В этом доме обитал злой дух. Так все говорили, но мы с Джимом никогда его не видели. Говорили, он выходит по ночам, когда нет луны, и заглядывает в чужие окна. Если вдруг похолодает и у кого-нибудь в саду померзнут азалии, значит, это он на них дохнул. Все мелкие тайные преступления, какие только совершаются в Мейкомбе, – это его рук дело. Как-то на город одно за другим посыпались непонятные и устрашающие ночные происшествия: кур, кошек и собак находили поутру жестоко искалеченными; и хотя виновником оказался полоумный Эдди, который потом топился в Заводи, все по-прежнему косились на дом Рэдли, словно не хотели отказываться от первоначальных подозрений. Ни один негр не решался ночью пройти мимо этого дома – уж непременно перейдет на другой тротуар и начнет насвистывать для храбрости.

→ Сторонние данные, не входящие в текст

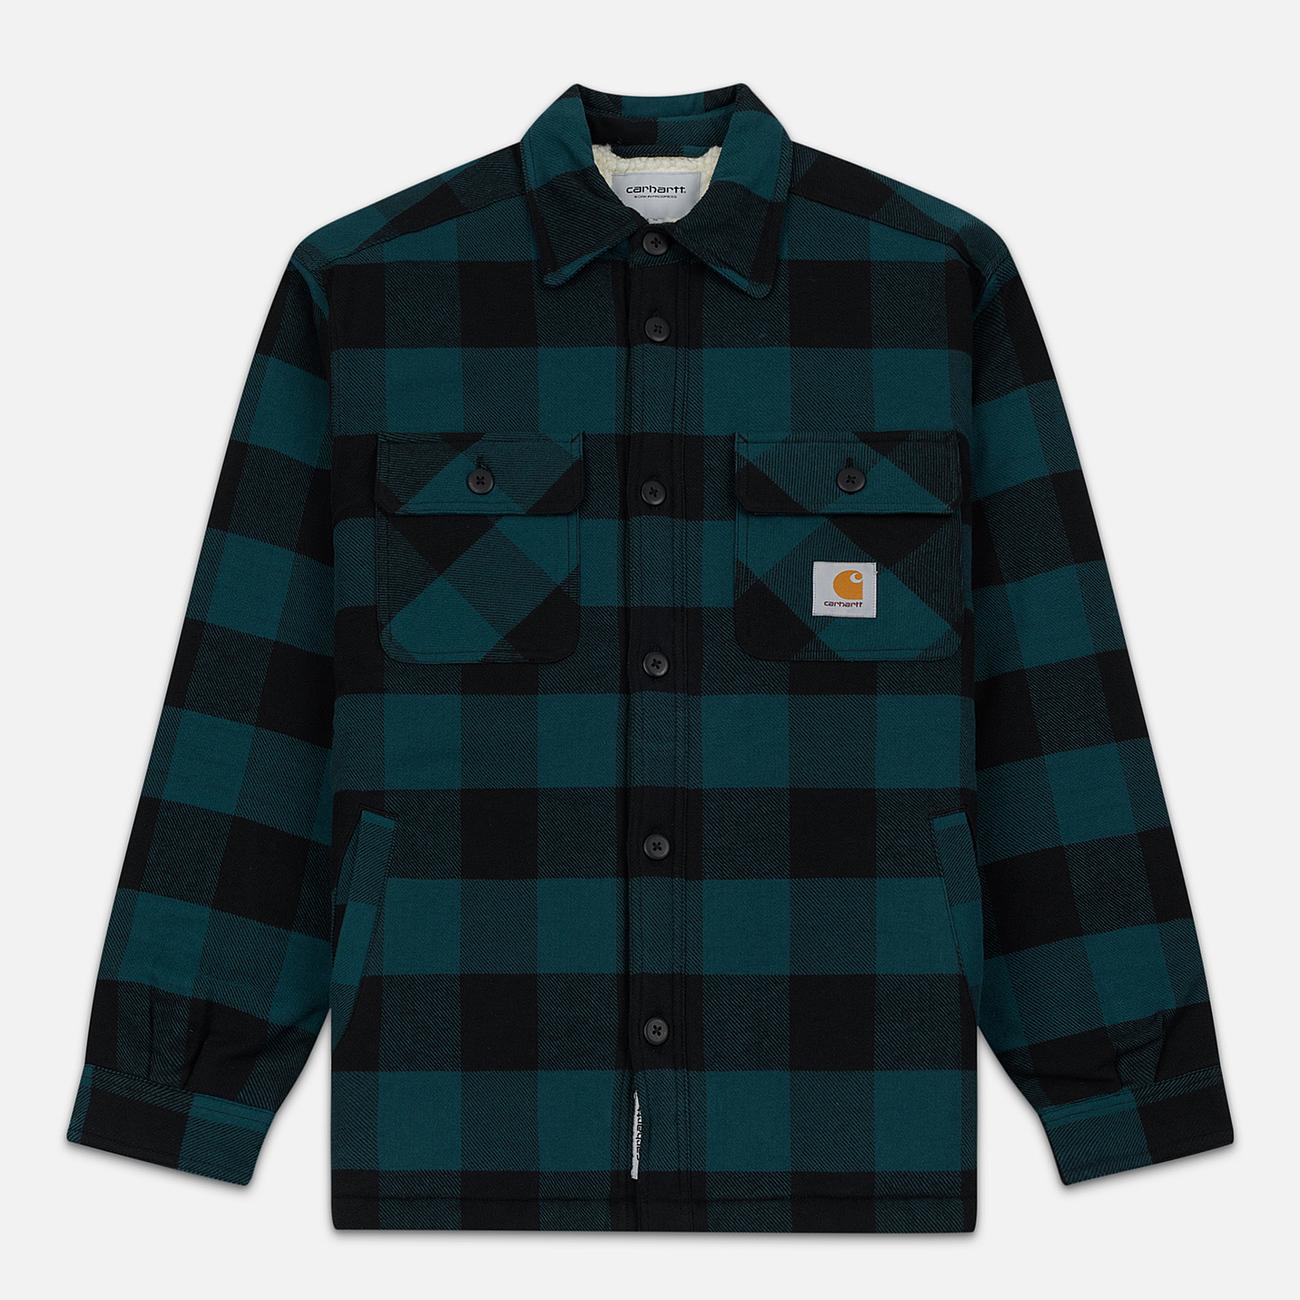 Мужская куртка Carhartt WIP Merton Check Dark Fir

Площадка для игр при мейкомбской школе примыкала к задворкам Рэдли; возле курятника у Рэдли росли высоченные пекановые деревья, и спелые орехи сыпались с ветвей на школьный двор, но никто к ним не притрагивался: орехи Рэдли ядовитые! Бейсбольный мяч, залетевший к Рэдли, пропадал безвозвратно, о нем никто и не заикался.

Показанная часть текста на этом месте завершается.